« Abus de confiance » et « fausses adresses » : Le coup de gueule des étudiants de l’UASZ contre Kopar Express

Plus de vingt jours après le décès tragique en France de leur camarade Serigne Ba, les étudiants de l'Université Assane Seck de Ziguinchor (UASZ) et le mouvement Vision Citoyenne haussent le ton. Ils accusent la plateforme de collecte de fonds en ligne Kopar Express de retenir illégalement près de 2 millions de francs CFA destinés aux funérailles et au remboursement des frais de rapatriement du corps.


L'indignation est à son comble au sein de la communauté étudiante de Ziguinchor. Réunis autour de l’Amicale de physique-chimie et rejoints par les anciens étudiants, ils ont publiquement pris la parole pour dénoncer ce qu'ils qualifient de « tentative de détournement de fonds, d'abus de confiance et d'escroquerie » de la part des responsables de la plateforme Kopar Express.
 
L'urgence d'un rapatriement, le piège de l'attente
Tout commence le 11 juin dernier, lorsque Serigne Ba, un jeune étudiant sénégalais originaire de Fos-Sérigneba, décède à Lille, en France. Face au coût élevé du rapatriement de la dépouille, ses camarades se mobilisent immédiatement. Ndiouga Diouf, étudiant en première année de thèse en géographie à l’UASZ, explique : « Notre choix s'est porté sur Kopar Express parce que c'était, à nos yeux, la plateforme la plus pertinente et la plus transparente pour suivre l'évolution des dons. »
En l'espace de trois jours seulement, la solidarité nationale et la diaspora portent leurs fruits : la cagnotte frôle son objectif de 2 millions de francs CFA, atteignant 1 950 000 FCFA.
Cependant, face à l'urgence absolue de la situation et ne pouvant attendre les délais de disponibilité des fonds sur la plateforme, les étudiants décident de contracter une dette importante auprès d'une bonne volonté pour engager immédiatement les démarches administratives. Grâce à cet emprunt, le corps de Serigne Ba a pu être rapatrié au Sénégal et inhumé.
 
Des adresses erronées et un « jeu de piste » suspect à Dakar
Les complications ont débuté le 14 juin, lorsque les étudiants ont saisi la plateforme pour bloquer la cagnotte et demander le reversement des fonds afin de rembourser leur créancier et soutenir la famille endeuillée. Malgré les promesses initiales de Kopar Express de traiter ce cas de force majeure en priorité, la situation s'est enlisée.
Pire encore, les étudiants dénoncent un véritable manque de considération et des informations mensongères de la part des agents de la plateforme. Envoyés à Dakar pour récupérer les fonds, les représentants des étudiants se sont vu communiquer une première adresse à la Cité Foire (Lot 181). Sur place, le chef de quartier leur confirmera que ce lot n'a jamais existé. Menés en bateau, une seconde adresse leur est fournie près de la Fédération Sénégalaise de Football. Une fois sur les lieux, les responsables sont restés injoignables pendant des heures avant de refuser catégoriquement de prendre leurs appels.
 
Un appel pressant aux autorités et une plainte en vue
« Cela fait plus de 20 jours que nous courons après cet argent. Aujourd'hui, celui qui nous a prêté les fonds nous met la pression pour être remboursé », s'alarme Ndiouga Diouf.
Présent aux côtés des étudiants en guise de solidarité, Madia Diop Sané, coordinateur national du mouvement Vision Citoyenne, n'a pas mâché ses mots : « Nous demandons à l’État du Sénégal de veiller sur ces plateformes qui se disent solidaires mais qui posent d'énormes problèmes quand il s'agit de restituer l'argent. Qu'est-ce qu'ils font de ces fonds ? Pourquoi ces retards injustifiés ? »

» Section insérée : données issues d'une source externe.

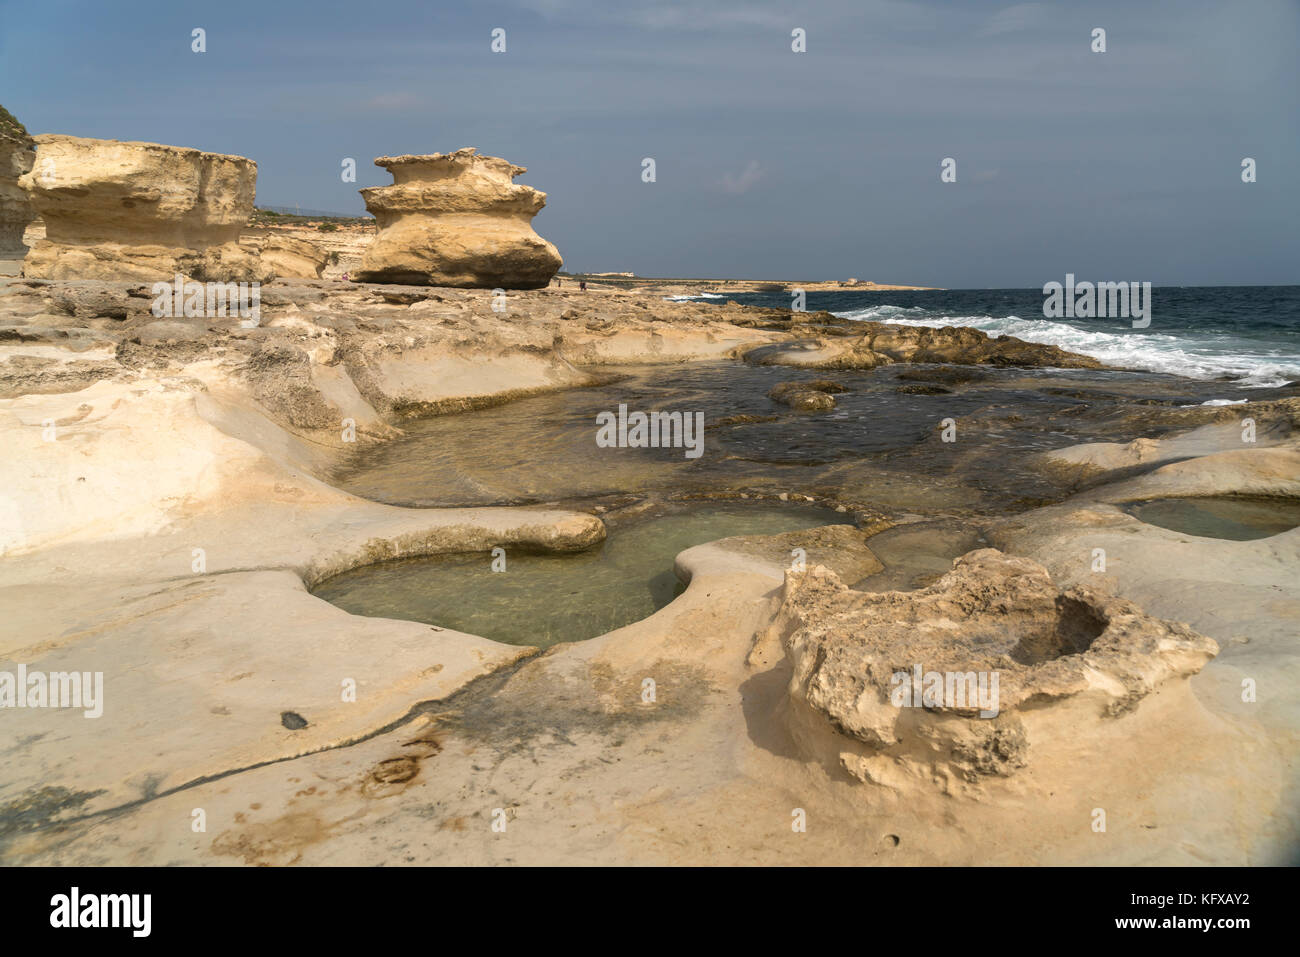 Felsige küste mit salzpfannen bei st. Peter's Pool auf der delimara halbinsel nahe marsaxlokk, malta | costa rocciosa con saline accanto a san pietro Foto Stock

Face à ce mur du silence, le mouvement Vision Citoyenne a fermement conseillé aux étudiants de déposer une plainte officielle auprès du Procureur de la République dans les plus brefs délais afin de faire toute la lumière sur cette affaire. Un appel solennel a également été lancé au Président de la République, au ministre de l'Intérieur ainsi qu'au ministre de la Justice pour que la mémoire de Serigne Ba ne soit pas souillée par des considérations mercantiles et que justice soit rendue à sa famille.